Should I tell you about how the streets of Cambodia are made of dirt and the children beg you to buy fridge magnets for a dollar? And how you want to hug them and give them money but know that is just fuelling the problem? Should I tell you about my first encounter with an “eastern” toilet? Or how we got caught in a flash-flood on foot in the middle of Phnom Penh?

Should I tell you about the vendors who harassed me so much in Siagon markets that I yelled “Don’t touch me!” at several of them. Or how despite the despicable acts of those fighting in the name of the South, the South was still taken over by communist rule at the end of the war. By war I’m referring to the Vietnam war – but the Vietnamese call it the American War, due to the number of them they have endured in their country. And how the people who live in Siagon, call it Siagon – not Ho Chi Minh City. Because the city was named so after the man Ho Chi Minh after the war, looking like a big “f-you” to the south.
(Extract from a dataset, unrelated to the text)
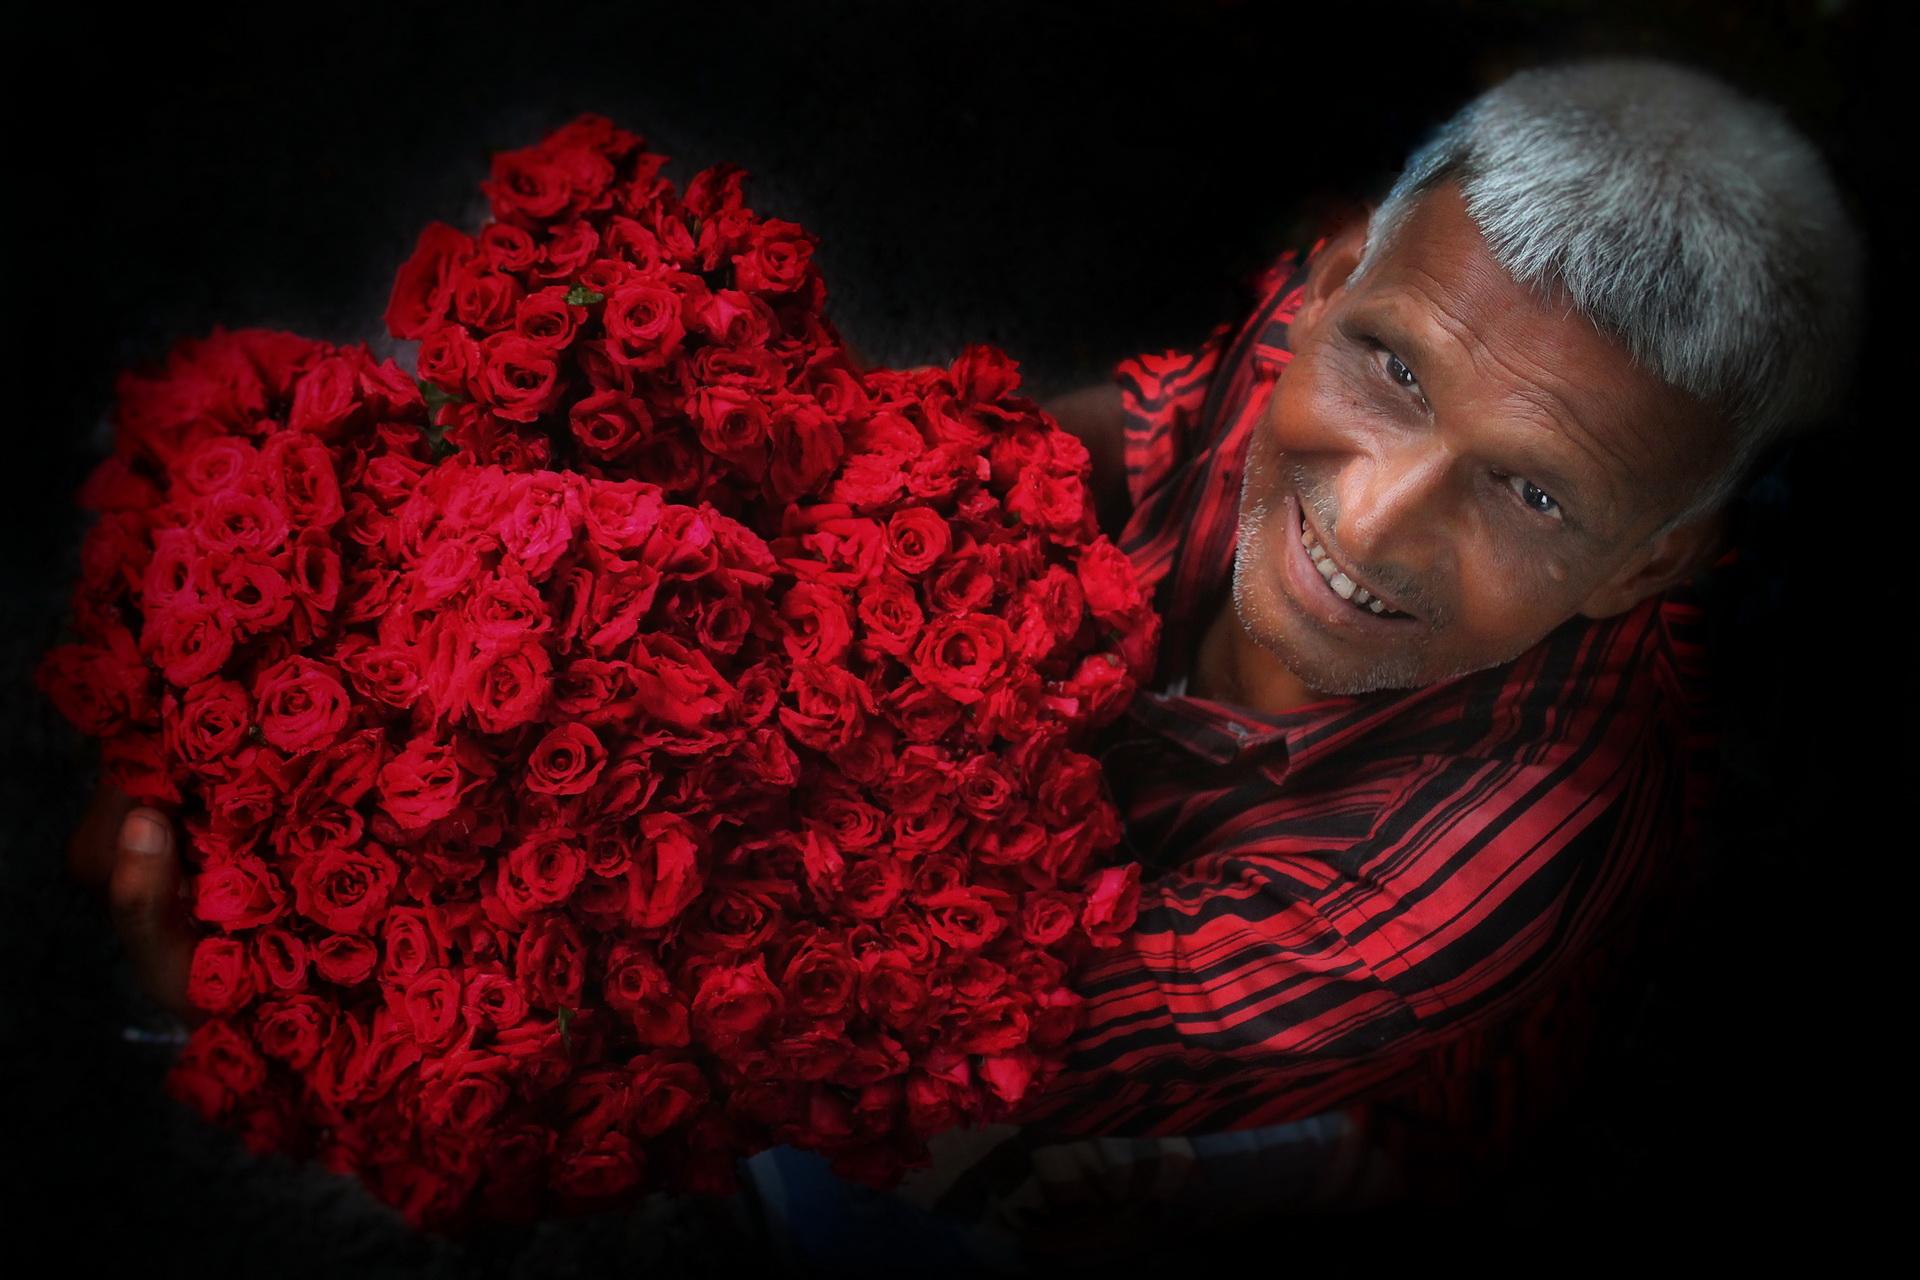 Portrait of a flower seller.

In Hanoi you get the feeling these people don’t really want your tourism. The streets are dirty, the taxi drivers are shifty, and the people seem miserable.

In Laos I wished that tourists learned about the culture of a place before flashing their cameras into the faces of forty monks.
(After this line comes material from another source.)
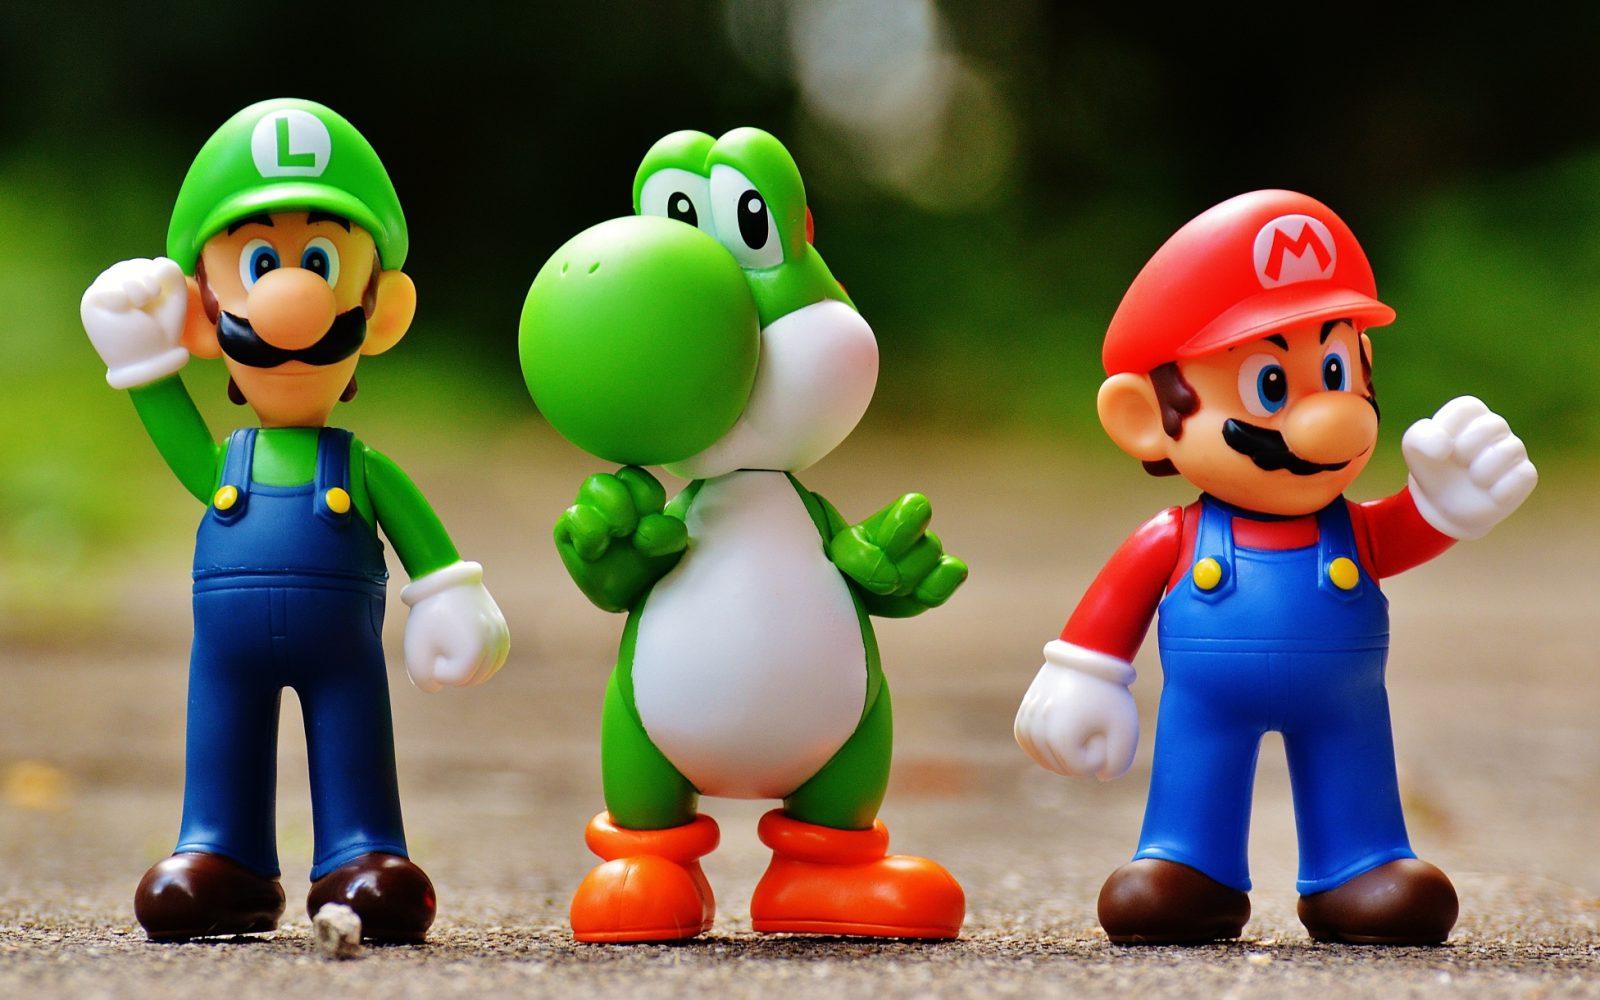 Super Mario - Luigi - Yoshi - Gaming - Videogiochi (Foto Pixabay) Imc

You might like to hear that the city of Vientiane is filled with happy people and wonderful food, and that this is where I enjoyed my first soy latte in six weeks.

Halfway between Vang Vieng and Luang Prabang, Laos. Image curtesy Justin Hickling.

Halfway between Vang Vieng and Luang Prabang, Laos. Image curtesy Justin Hickling.

I could also tell you about the amazing foods we have eaten, and that I am now a total chopstick pro and I feel incomplete if I am not given chopsticks with my noodle order. Or how I am on a bit of a noodle-overload and I’m hanging out for a delicious cheesy pizza and chilled glass of wine.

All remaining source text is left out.